List<List<Integer>> zigzagLevelOrder(TreeNode root) {
List<List<Integer>> res = new ArrayList<>();
if (root == null) return res;
Queue<TreeNode> q = new LinkedList<>();
q.offer(root);
boolean leftToRight = true;
while (!q.isEmpty()) {
int size = q.size();
LinkedList<Integer> level = new LinkedList<>();
for (int i = 0; i < size; i++) {
TreeNode node = q.poll();
if (leftToRight) level.addLast(node.val);
else level.addFirst(node.val); // Reverse insertion for even layers
if (node.left != null) q.offer(node.left);
if (node.right != null) q.offer(node.right);
}
res.add(level);
leftToRight = !leftToRight; // Flip direction
}
return res;
}
Minimum Depth of Binary Tree (LeetCode 111)
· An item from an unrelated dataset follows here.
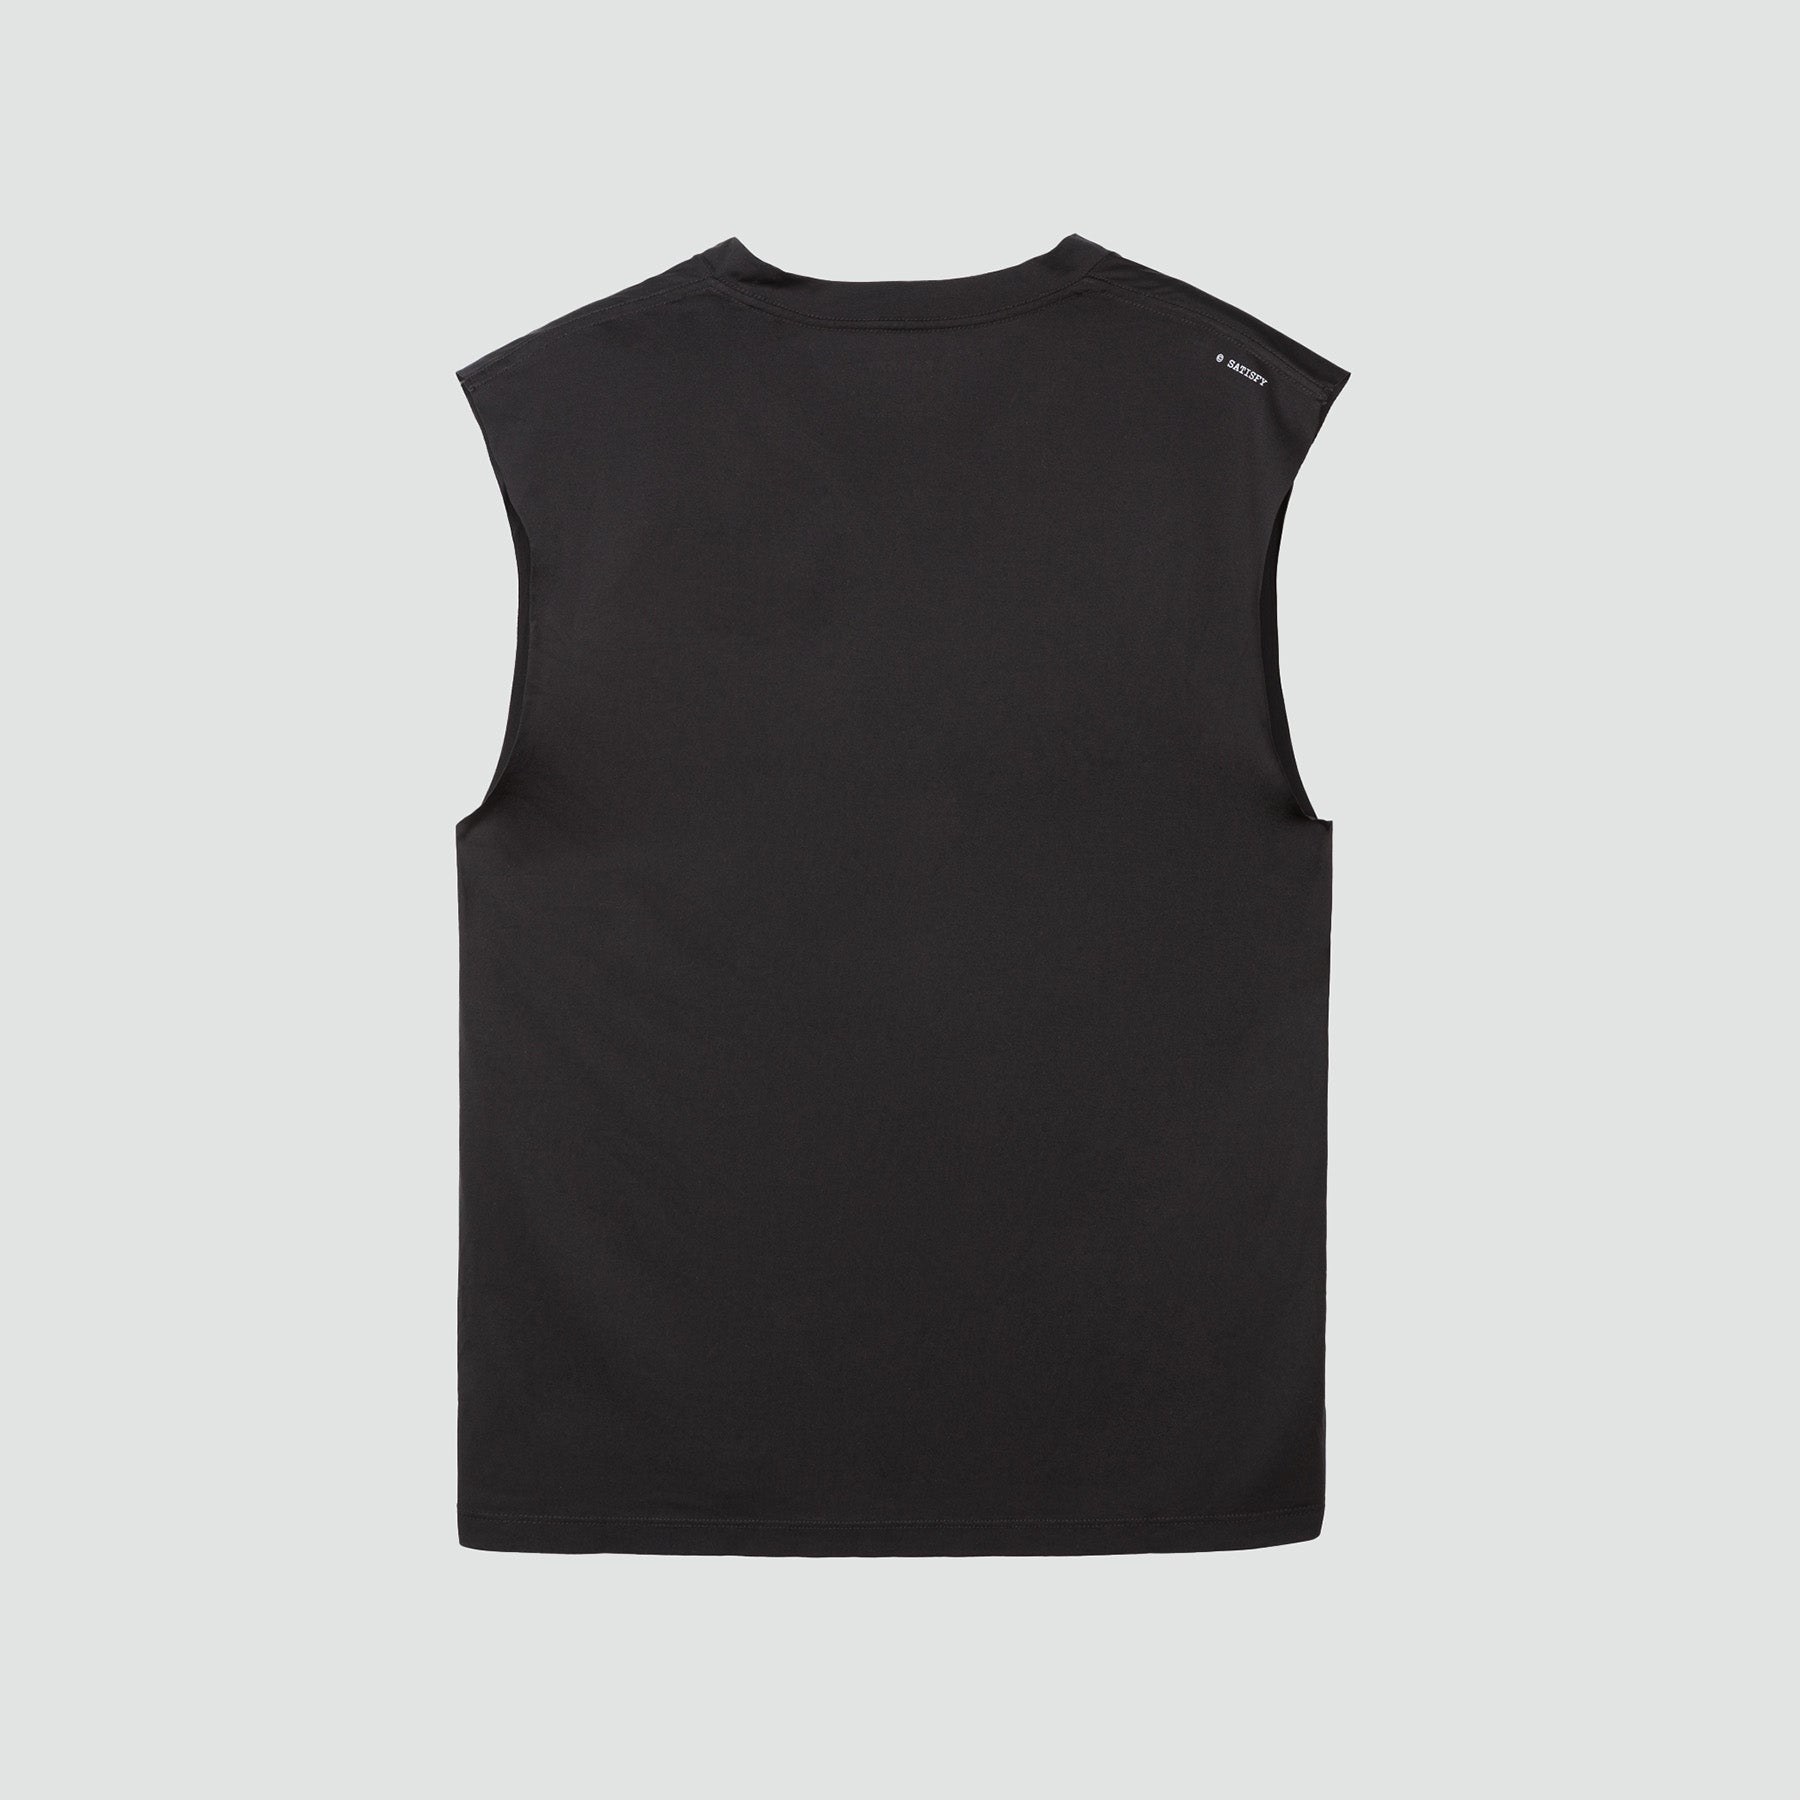 T-shirt musculaire AuraLite™ - Noir
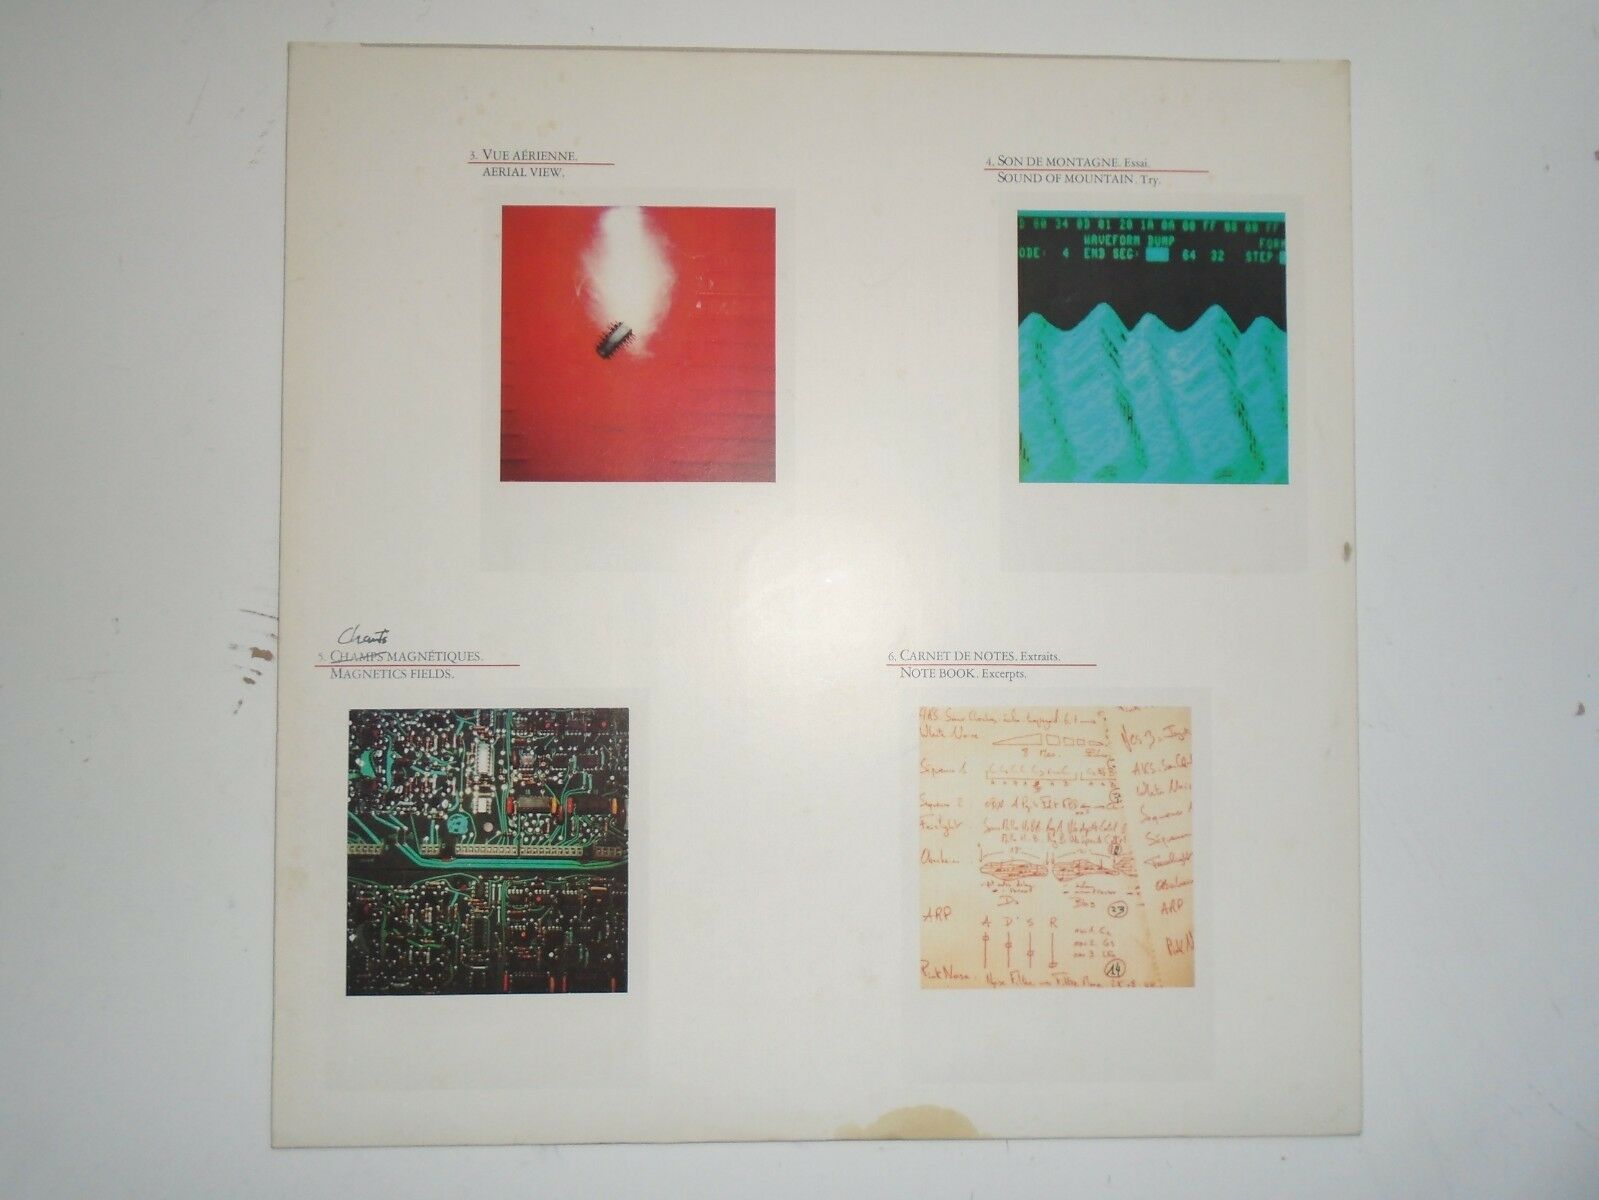 jean-michel-jarre-les-chants-magnetiques-superb-1st-press-n-mint-vinyl-lp-1981_45066190

In BFS, the first leaf node encountered is guaranteed to be at the minimum depth.
int minDepth(TreeNode root) {
if (root == null) return 0;
Queue<TreeNode> q = new LinkedList<>();
q.offer(root);
int depth = 0;
while (!q.isEmpty()) {
depth++;
int size = q.size();
for (int i = 0; i < size; i++) {
TreeNode node = q.poll();
// Shortest path found as soon as we hit a leaf
if (node.left == null && node.right == null) return depth;
if (node.left != null) q.offer(node.left);
if (node.right != null) q.offer(node.right);
}
}
return depth;
}
BFS on Graphs (LeetCode 994 Rotting Oranges)
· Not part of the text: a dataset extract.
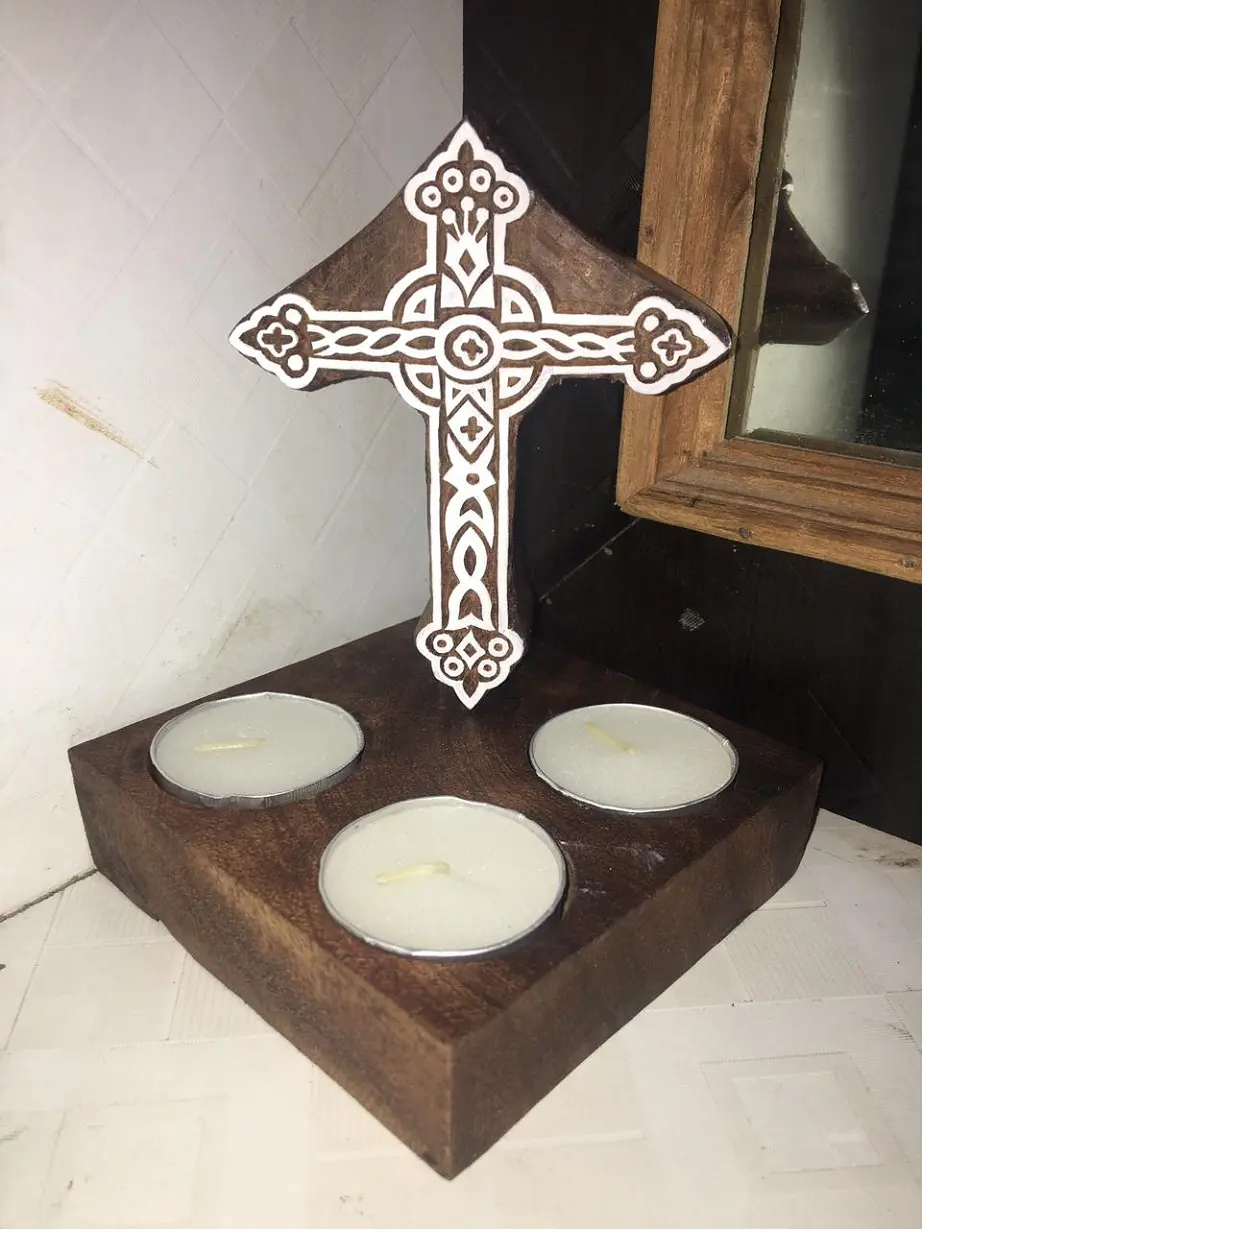 Tempat Lilin Kayu Dibuat Kustom dengan Ukiran Salib Ideal untuk Gereja dan Toko-toko Suci

Multi-Source BFS: Starting from multiple points simultaneously to find the shortest time to infect all "fresh" nodes.
int orangesRotting(int[][] grid) {
int m = grid.length, n = grid[0].length;
Queue<int[]> q = new LinkedList<>();
int fresh = 0;
// Multi-source start: all initial rotten oranges enter the queue
for (int i = 0; i < m; i++) {
for (int j = 0; j < n; j++) {
if (grid[i][j] == 2) q.offer(new int[]{i, j});
if (grid[i][j] == 1) fresh++;
}
}
int minutes = 0;
int[][] dirs = {{0,1},{0,-1},{1,0},{-1,0}};
while (!q.isEmpty() && fresh > 0) {
minutes++;
int size = q.size();
for (int i = 0; i < size; i++) {
int[] pos = q.poll();
for (int[] d : dirs) {
int ni = pos[0] + d[0], nj = pos[1] + d[1];
if (ni >= 0 && ni < m && nj >= 0 && nj < n && grid[ni][nj] == 1) {
grid[ni][nj] = 2; // Infect
fresh--;
q.offer(new int[]{ni, nj});
}
}
}
}
return fresh == 0 ? minutes : -1;
}
BFS vs. DFS comparison
| Feature | BFS | DFS |
|---|---|---|
| Data Structure | Queue | Stack (or Recursion) |
| Shortest Path | ✅ Guaranteed naturally | ❌ Not guaranteed |
| Memory | Queue can be wide (layer size) | Stack depth (height of tree/graph) |
| Best used for | Shortest path, layer processing | Reachability, Backtracking, Topology |
Memory Mnemonic: BFS is broad first (layer-order), while DFS is deep first (recursion).